If you’re looking for blood, “Ever After” is not that kind of zombie film that glorifies the flesh chomping violence but rather utilizes the violence as a motivator for Vivi and Eva to embark from safety, but that isn’t to say the sheer zombie terror is omitted or even diluted. The mass of running undead continues to be a force of concentrated fear with heart pounding side effects, much carried over from Danny Boyle’s “28 Days Late” and Zack Synder’s remake of “Dawn of the Dead,” and director Hellsgård seldomly relies on a crazed horde to be the mindless exploit of “Ever After’s” core message. Instead, the story clearly defines the growth and understanding Vivi and Eva as individuals and as part of something more, taught in part by their short time with The Gardener, and a highly reflective poignant past that ripples through their memory banks over and over again.
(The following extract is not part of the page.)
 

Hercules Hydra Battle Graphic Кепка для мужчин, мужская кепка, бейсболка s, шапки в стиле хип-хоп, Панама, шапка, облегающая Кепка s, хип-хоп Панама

Their ambitions nearly shot from existence at the beginning of the apocalypse to the start of their Black Forest voyage have found harmony in letting the past be the past by the end of the story. Once could call it a coming-of-age to see the two women elevate themselves from a place of inner turmoil and, in my opinion, the two women part of that is greatly important because “Ever After” is almost, about 95%, completely female cast driven. So, not only is the story a coming of age one, but also speaks upon self-reliance and empowerment for women.
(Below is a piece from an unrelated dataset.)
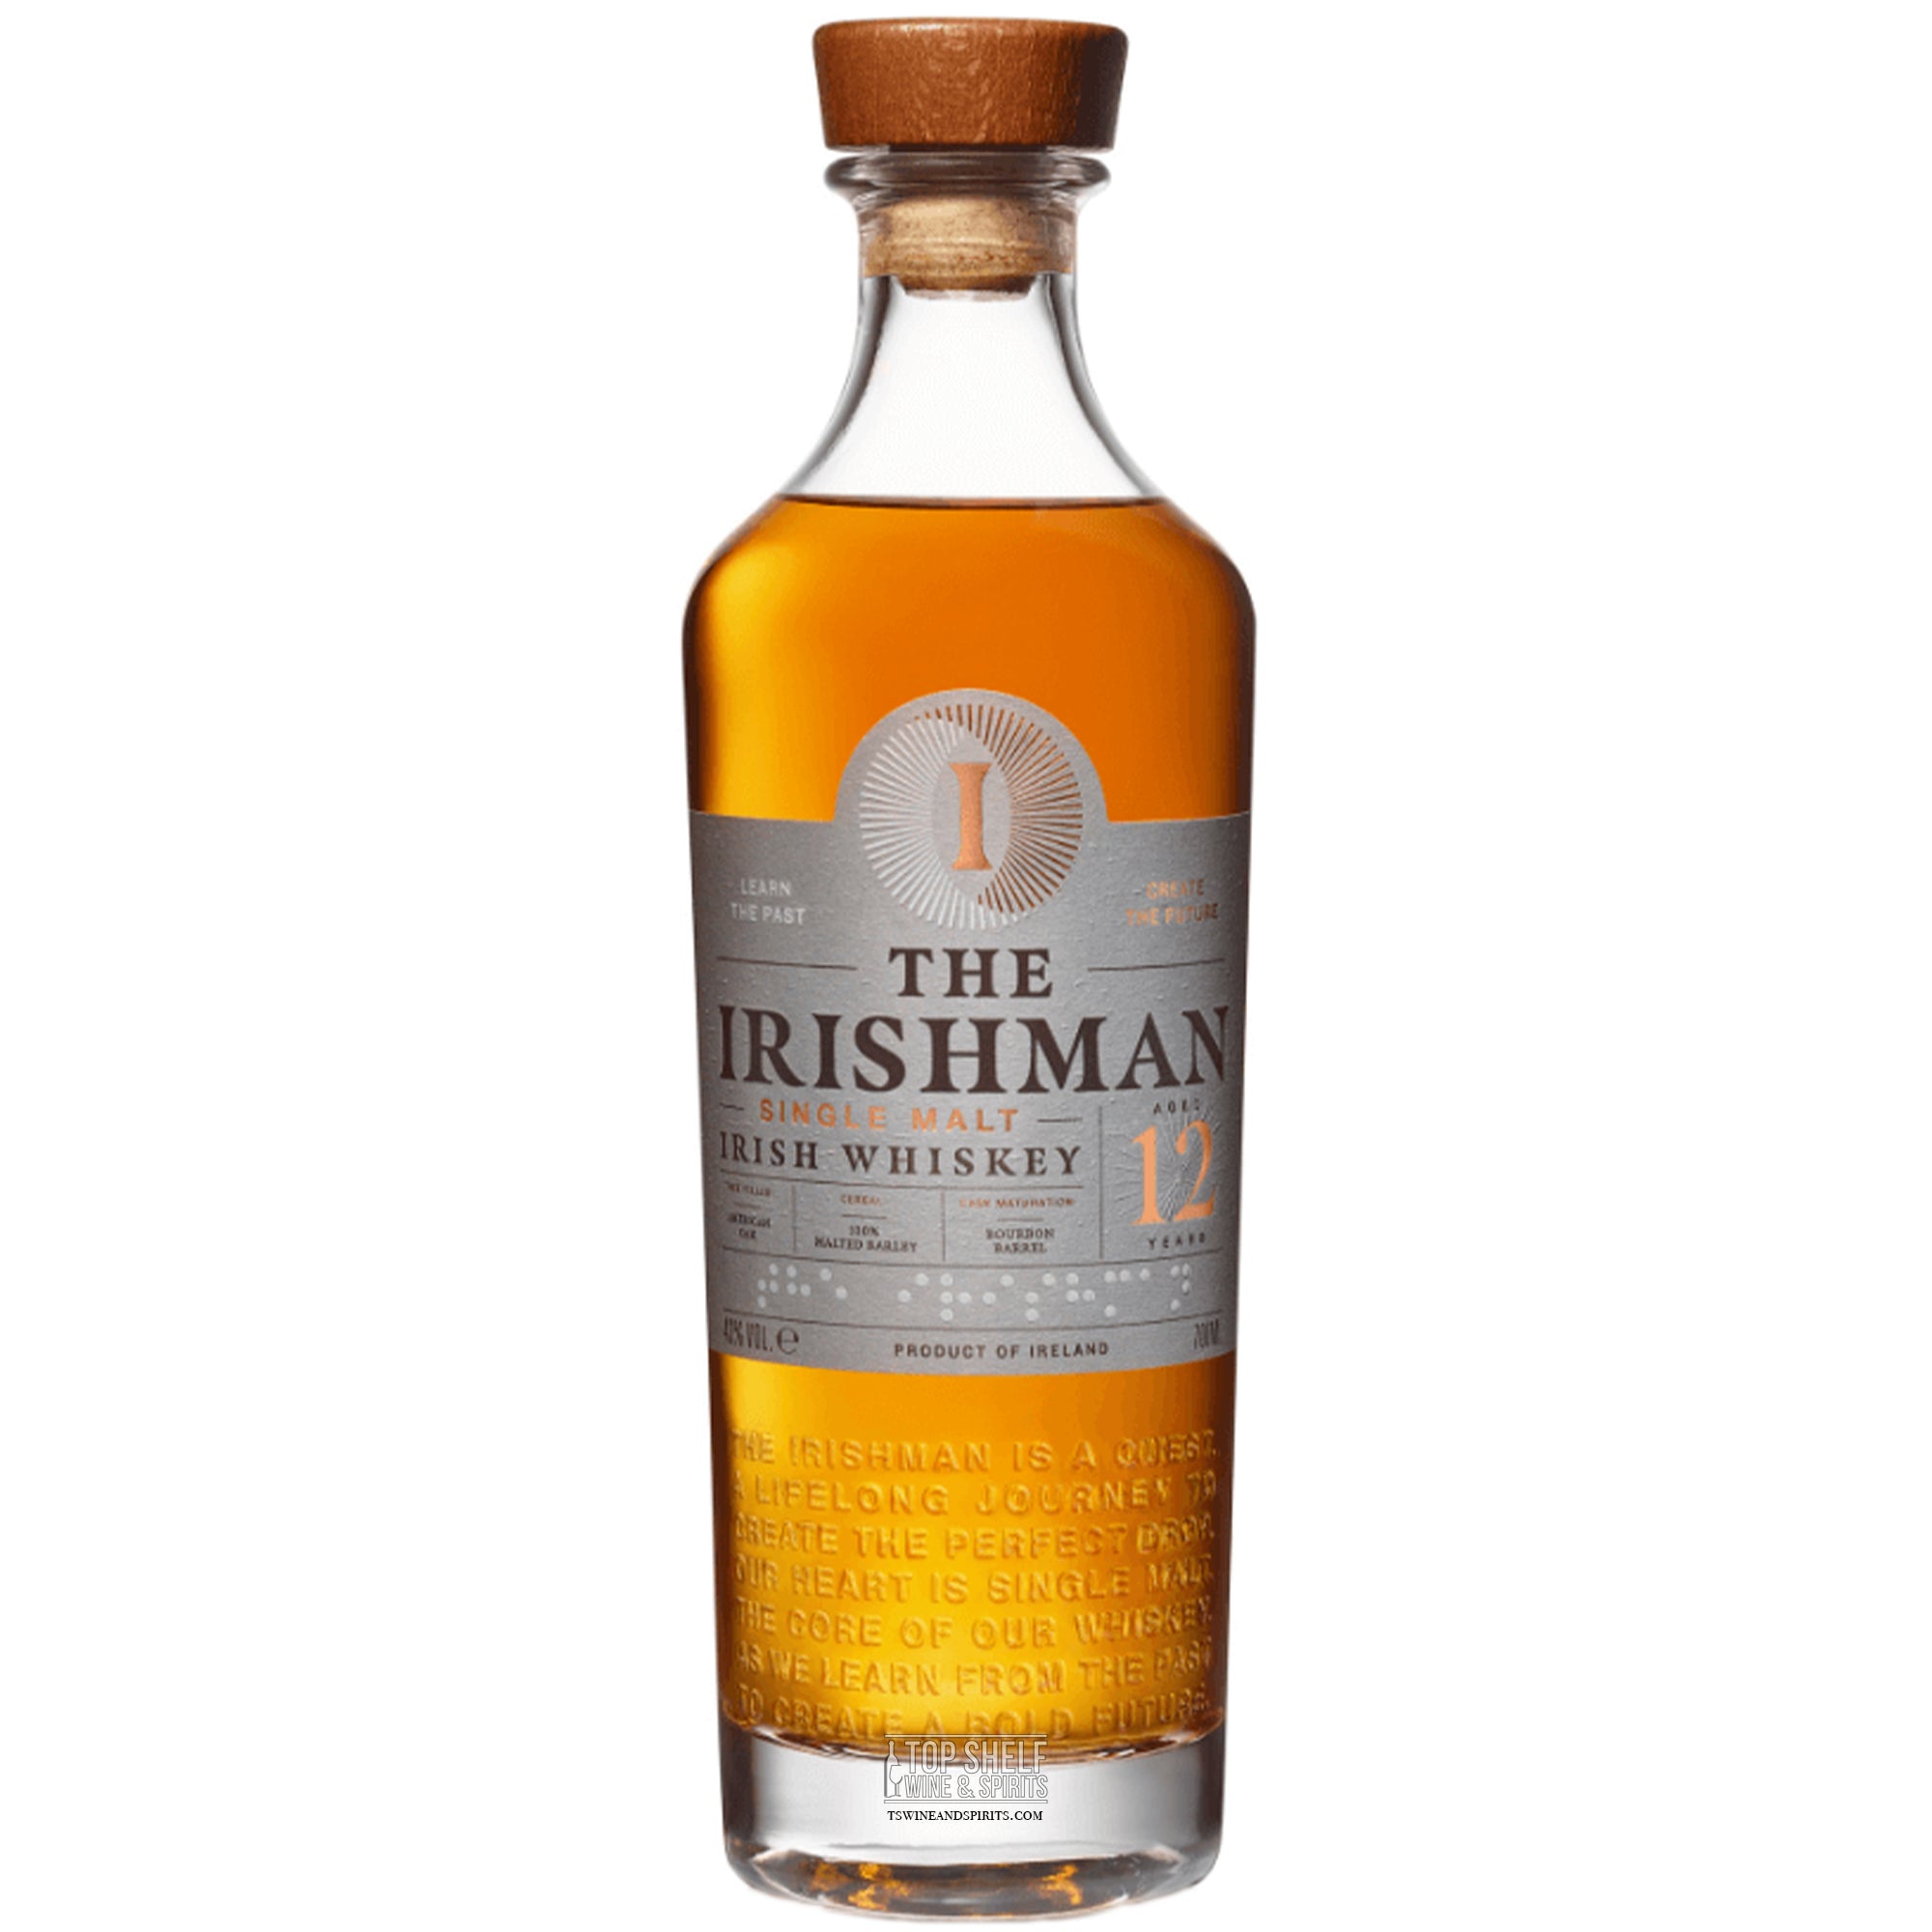 The Irishman 12 Year Single Malt Irish Whisky

The swotted comic of Olivia Viewig gains a visual odyssey amongst the undead catalogue with a Blu-ray release of the Das Kleine Fernsehspiel and Grown Up Films production, “Ever After,” distributed by MVDVisual and Juno Films. Stored on a BD-25 and presented in an anamorphic widescreen of it’s original aspect ratio of 2.35:1, “Ever After’s” 1080p full high definition image is sleek to every sensory receptor in the eye and captures the topographic thickets of Germany landscapes in grand wide angles. There is not a lot of tint work here, if any, and relies much on the luminescent and glowing beauty of natural light. The German language DTS-HD 5.1 master audio sufficiently taps into all five channels without overbearing results from zombie hordes. Instead, the focal points here discern more on the tiny tunes and tones of nature. Also included in the setup is an option for a 2.0 LCPM Stereo Audio track and English subtitles, which appear accurate but are hastily paced. Other than a static menu, the region free, 90 minute runtime release bares no special features other than the trailer. “Ever After” is an ascension from within the very weary genre oeuvre, encouraging the strength to stomach guilt and fear as important, but presently irrelevant if one wishes to change with a world that has redesigned around them.